INFORMATION SUPPLIED
=== Section Start ===

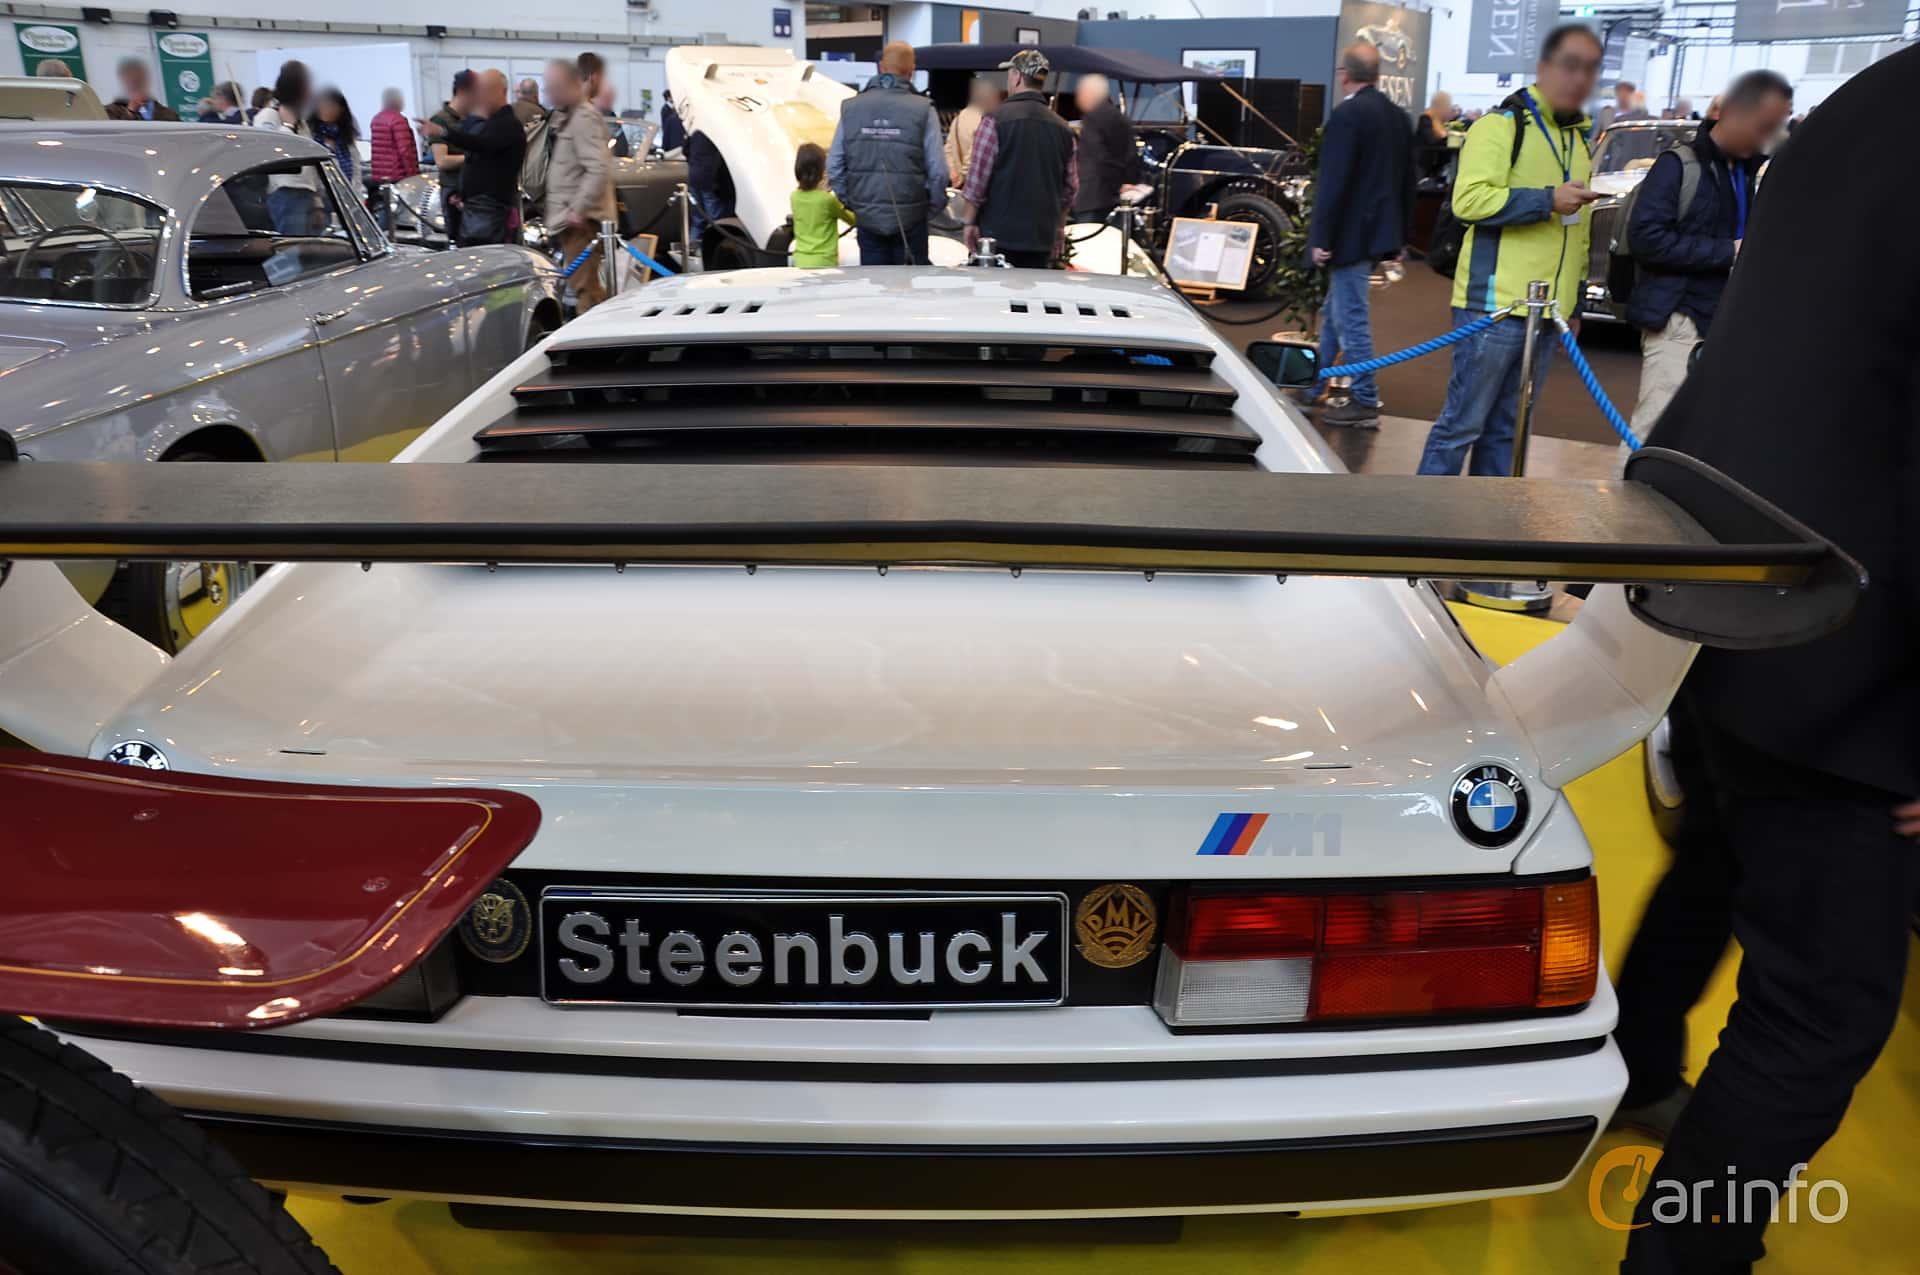 BMW M1 Procar  Manual, 477hp, 1979 at Techno Classica Essen 2019
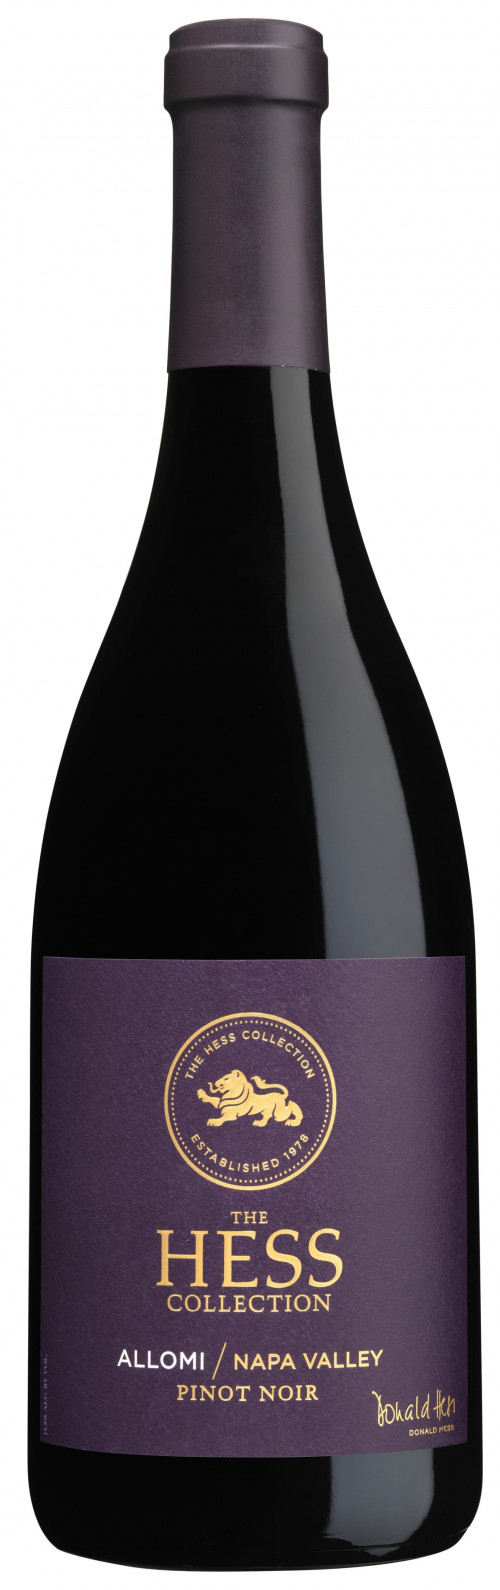 2019 Hess Allomi Napa Valley Pinot Noir 750ml
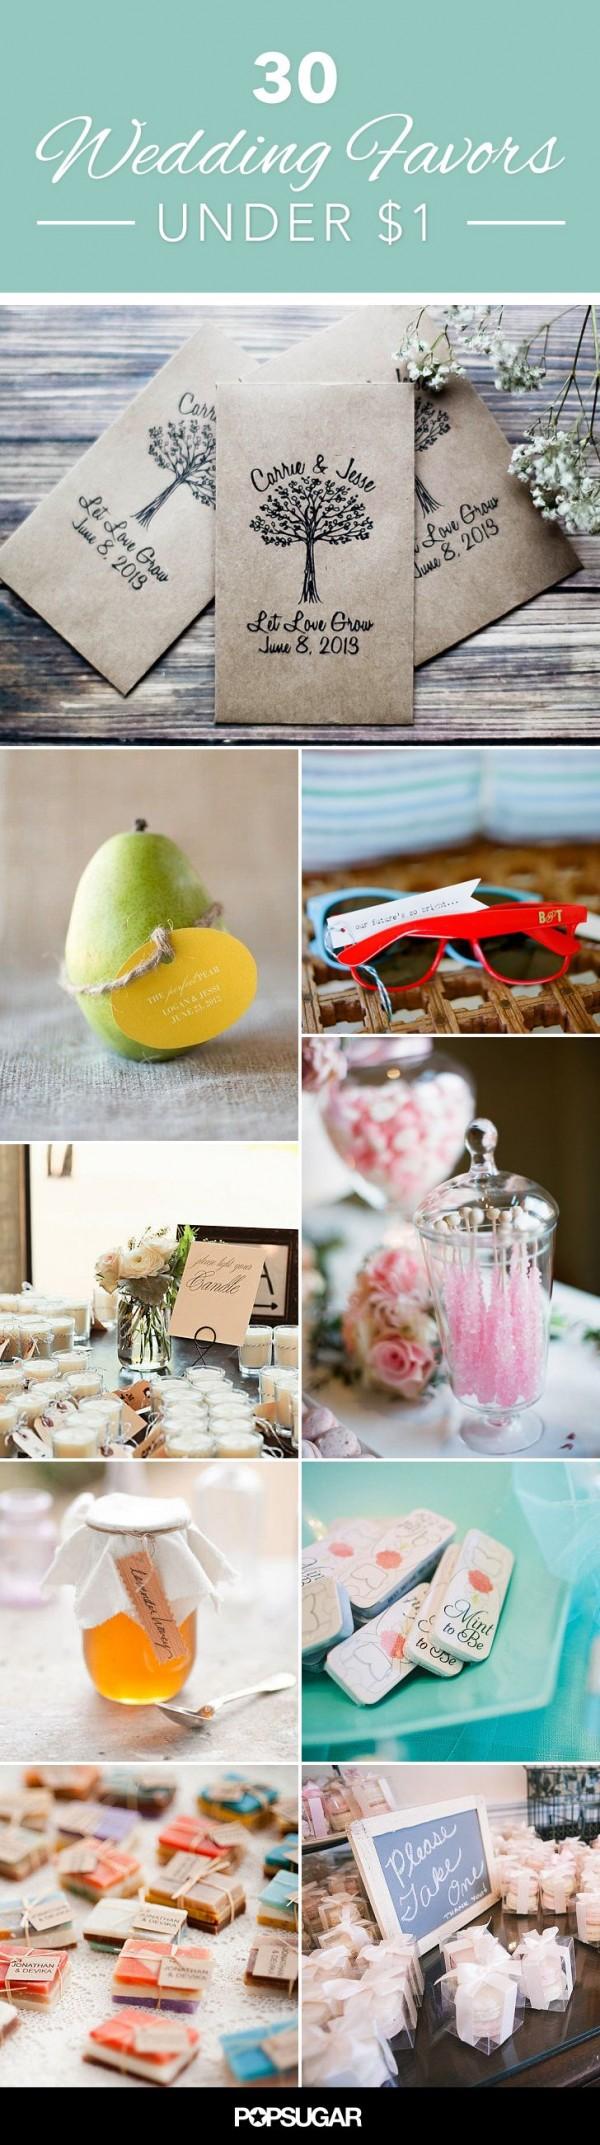 Wedding favors under 1 diy weddings for Cheap wedding themes

=== Section End ===

The result should be every line of the data, reproduced exactly, with the images removed.

 BMW M1 Procar  Manual, 477hp, 1979 at Techno Classica Essen 2019
 2019 Hess Allomi Napa Valley Pinot Noir 750ml
 Wedding favors under 1 diy weddings for Cheap wedding themes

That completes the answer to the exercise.